A forma de comunicação em gestos e posturas, aliada à diversidade social de seus membros, sempre ajudou os maçons a transitarem bem em todas as camadas da sociedade. De fato, é impossível contar a História do Brasil sem esbarrar em integrantes da ordem. Dom Pedro I era maçom, bem como nosso primeiro presidente, Deodoro da Fonseca, que passou a faixa para outro irmão, Floriano Peixoto. Na República Velha, até 1930, sete presidentes pertenciam à irmandade. Orbitando sobre as autoridades, existiam ainda Duque de Caxias, Rui Barbosa, Benjamin Constant e outros ilustres brasileiros como Santos Dumont, Carlos Gomes, Pixinguinha e Lamartine Babo. Até o palhaço Carequinha era maçom. 

A partir da metade do século XX, a maçonaria foi perdendo sua influência. O último presidente maçom foi Jânio Quadros, que renunciou em 1961. Mesmo assim, a ordem continuou a manter irmãos nas esferas do poder. O General Golbery do Couto Silva, um dos ideólogos do regime militar, era um deles, assim como Mário Covas, Miro Teixeira e Antonio Palocci. Tão variadas quanto seus representantes são as ideologias da ordem. Ao longo da História, a maçonaria oscilou entre posições conservadoras e progressistas. 

— Por mais que eles tenham sempre caminhado no sentido da unificação, nunca houve uma maçonaria, mas várias maçonarias — diz o historiador Morel. 
Mesmo internamente, a maçonaria não é única. Cisões no GOB fizeram surgir dois outros grupos reconhecidos, a Grande Loja e o Grande Oriente Independente.
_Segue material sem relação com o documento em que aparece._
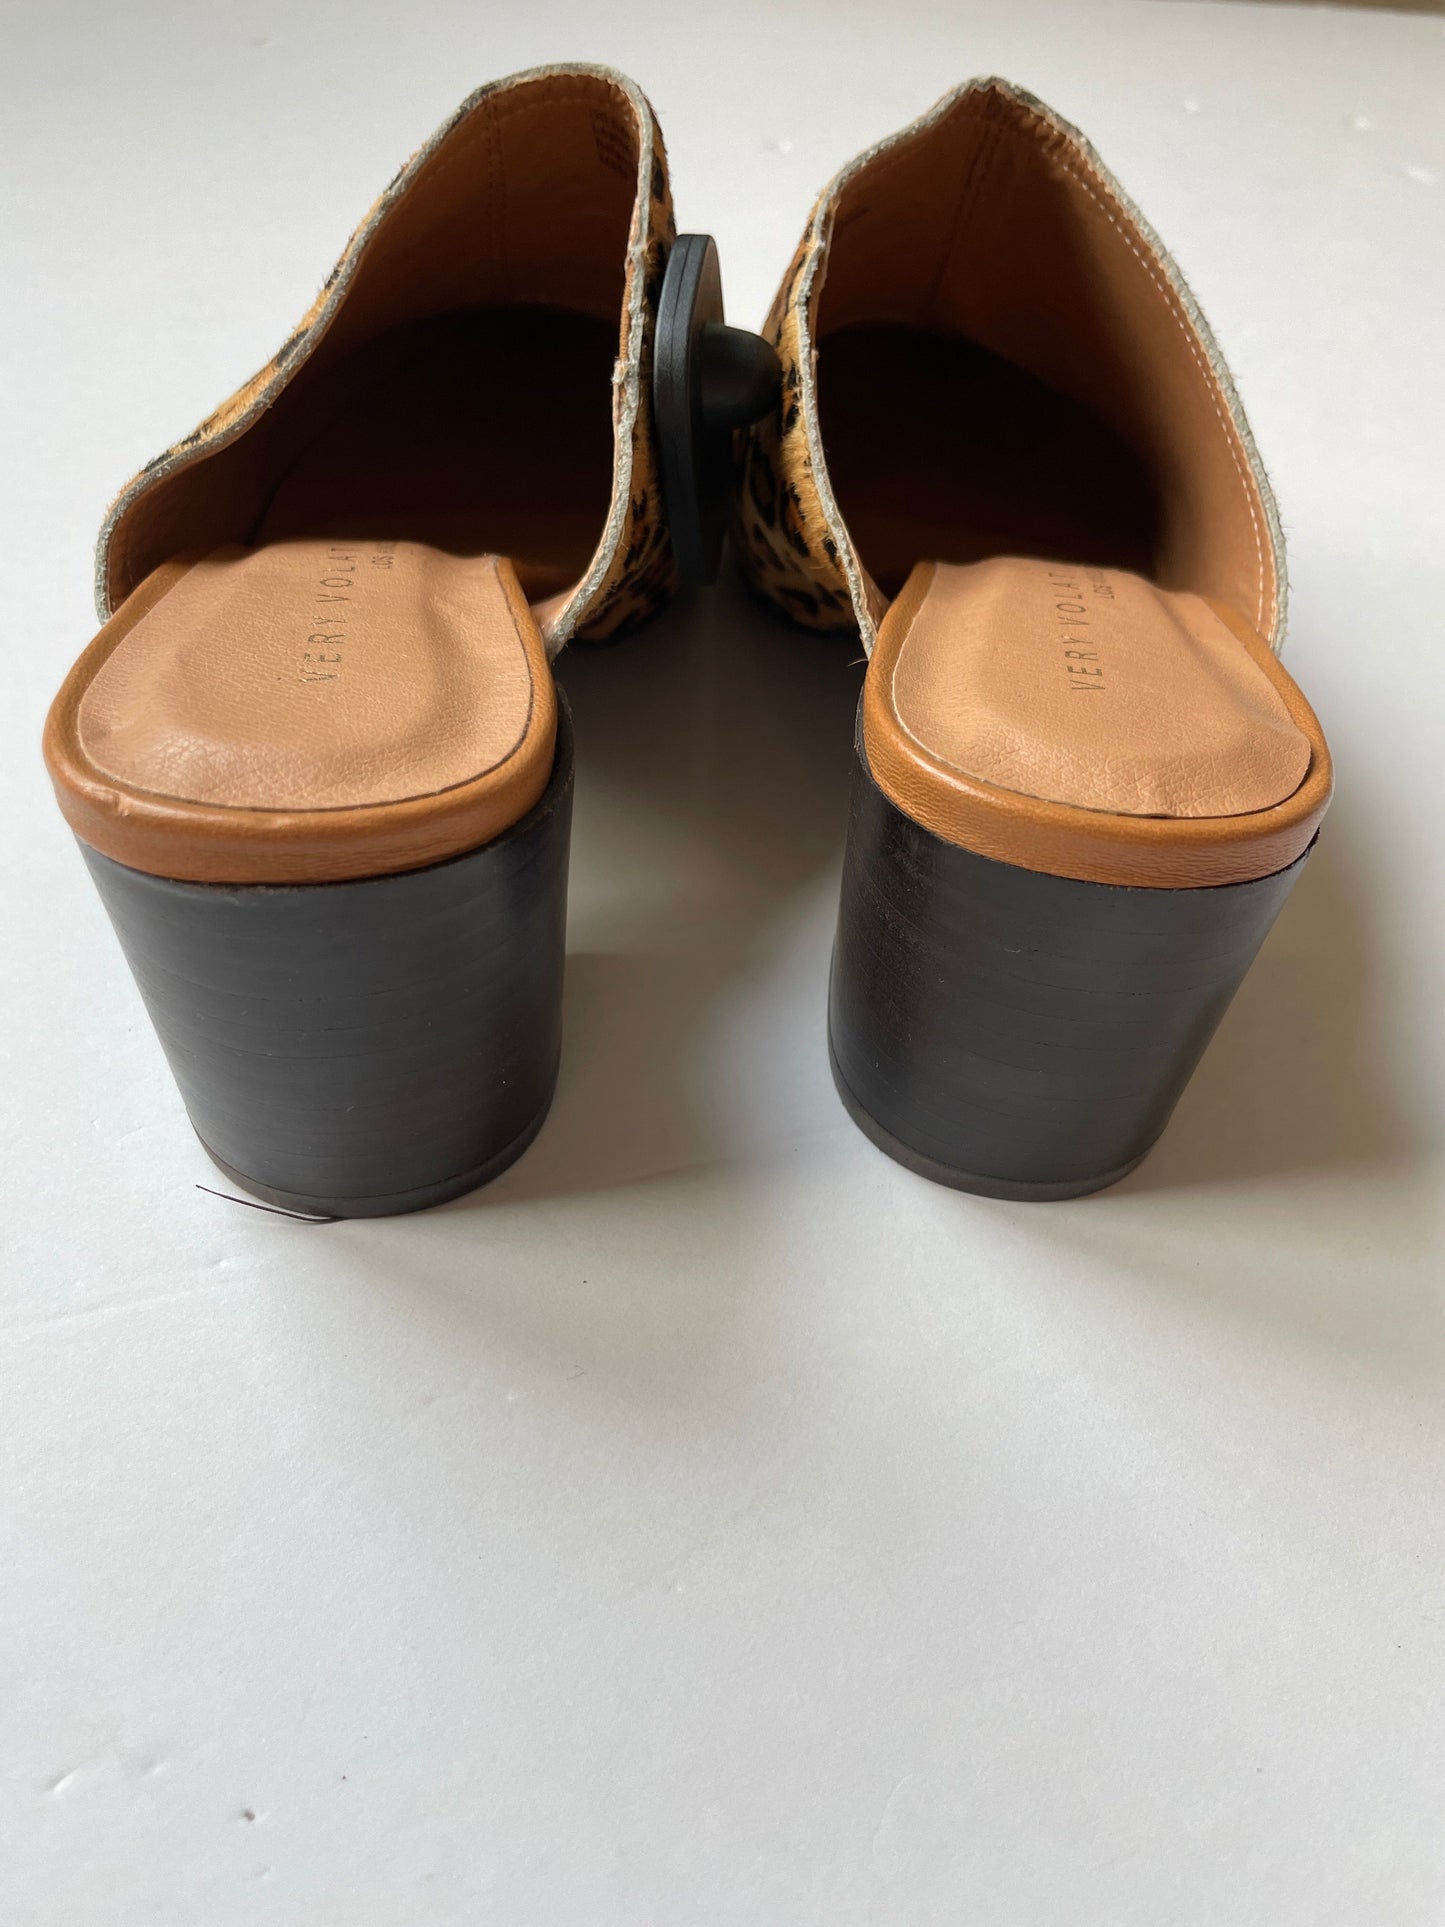 Animal Print Shoes Heels Block Very Volatile, Size 9

Apesar de uma ou outra diferença de ritos, as três mantêm relações amistosas entre si. A estrutura delas é idêntica à do Estado brasileiro, dividido em três poderes. O Judiciário pode até condenar à expulsão um irmão que tenha manchado o nome da ordem. Todos os cargos são escolhidos por eleição direta. 
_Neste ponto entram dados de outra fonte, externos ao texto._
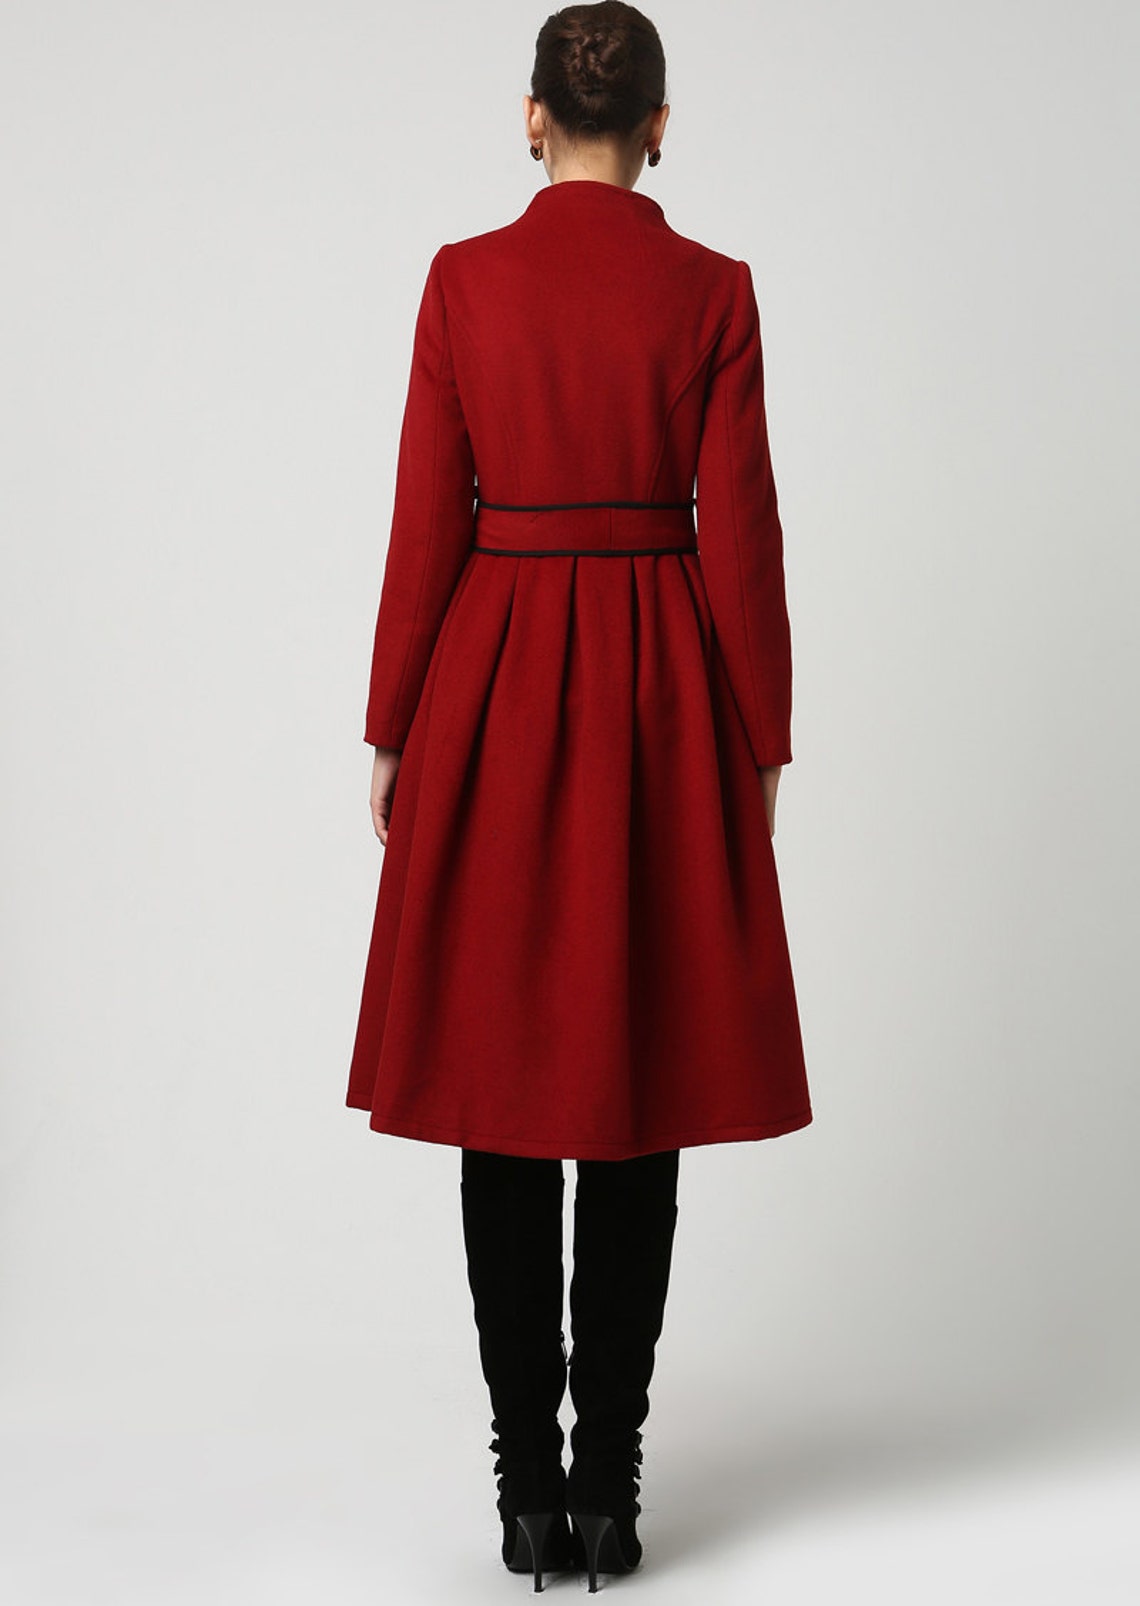 Dark red coat stand up collar wool coat winter coat for | Etsy

— Estamos envolvidos em causas de interesse público, sempre a favor da democracia. Nosso objetivo é pretensioso: fazer a Humanidade mais feliz — afirma o sereníssimo grão-mestre da Grande Loja do Rio, Waldemar Zveiter, de 76 anos, 54 de maçonaria. 
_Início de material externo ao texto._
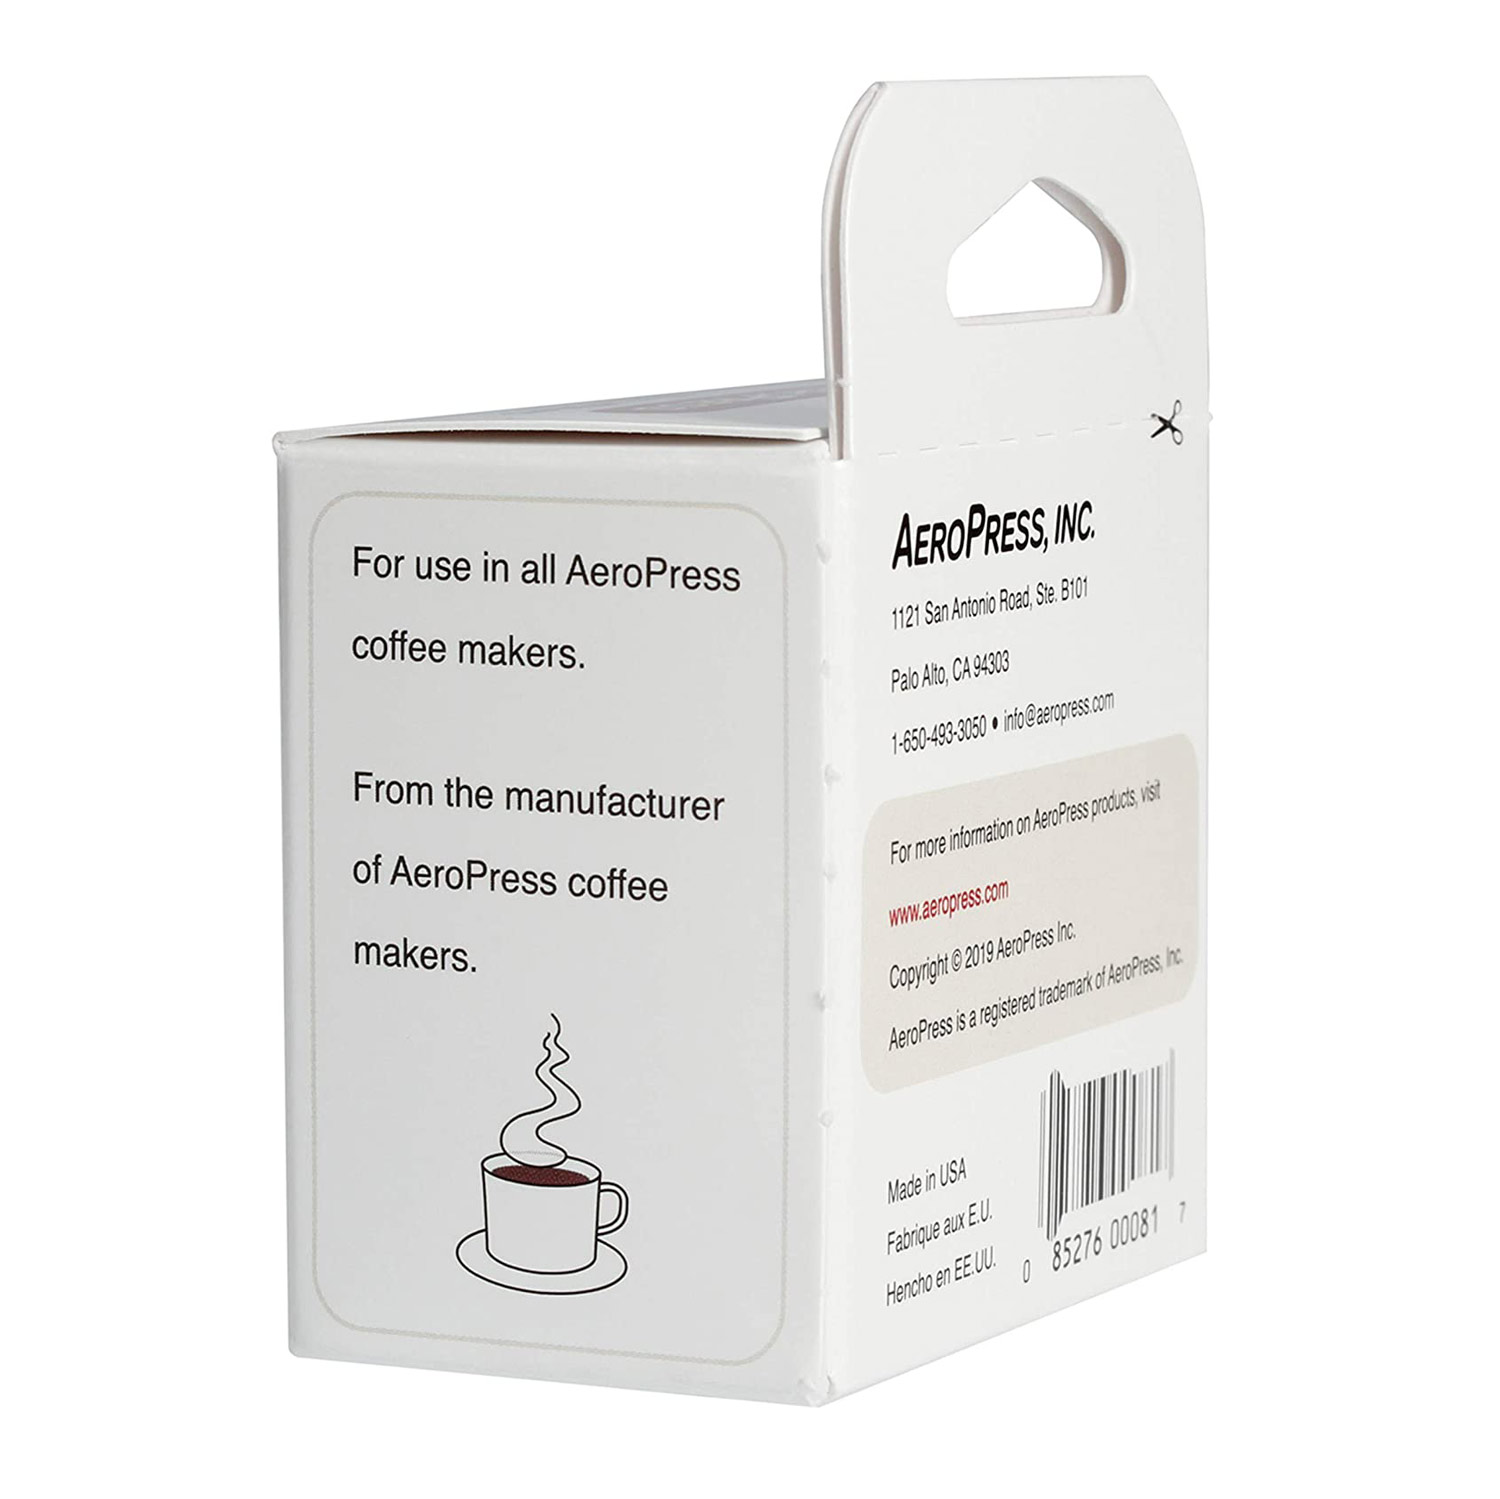 Aeropress Filters - 350 Pack

Ex-ministro do Superior Tribunal de Justiça, Zveiter está engajado em diversas ações da maçonaria acerca de temas nacionais. Dá palestras e escreveu um livro contra a entrada de empresas estrangeiras na Amazônia que já foi lido no Senado. A Grande Loja também está, como pessoa jurídica, a favor das cotas para negros nas universidades. 

— Lançamos campanha de planejamento familiar antes da Igreja Católica — afirma o grão-mestre. 

No gabinete de Zveiter, existe um quadro que, segundo ele, é a reprodução de um ritual da ordem. Nele, uma pessoa está ferida na testa, enquanto outra segura um martelo. Mais explicações ele não pode dar. Na sala do grão-mestre do GOB-RJ, o retrato de destaque é o de José Bonifácio, o primeiro grão-mestre brasileiro e, mais ao fundo, o de seu sucessor, Dom Pedro I. No gabinete ao lado, está bem conservado o trono de grão-mestre usado pelo Imperador. Símbolo máximo da proximidade dos maçons com o poder, a relíquia tem tudo para servir de inspiração para as novas pretensões da maçonaria brasileira.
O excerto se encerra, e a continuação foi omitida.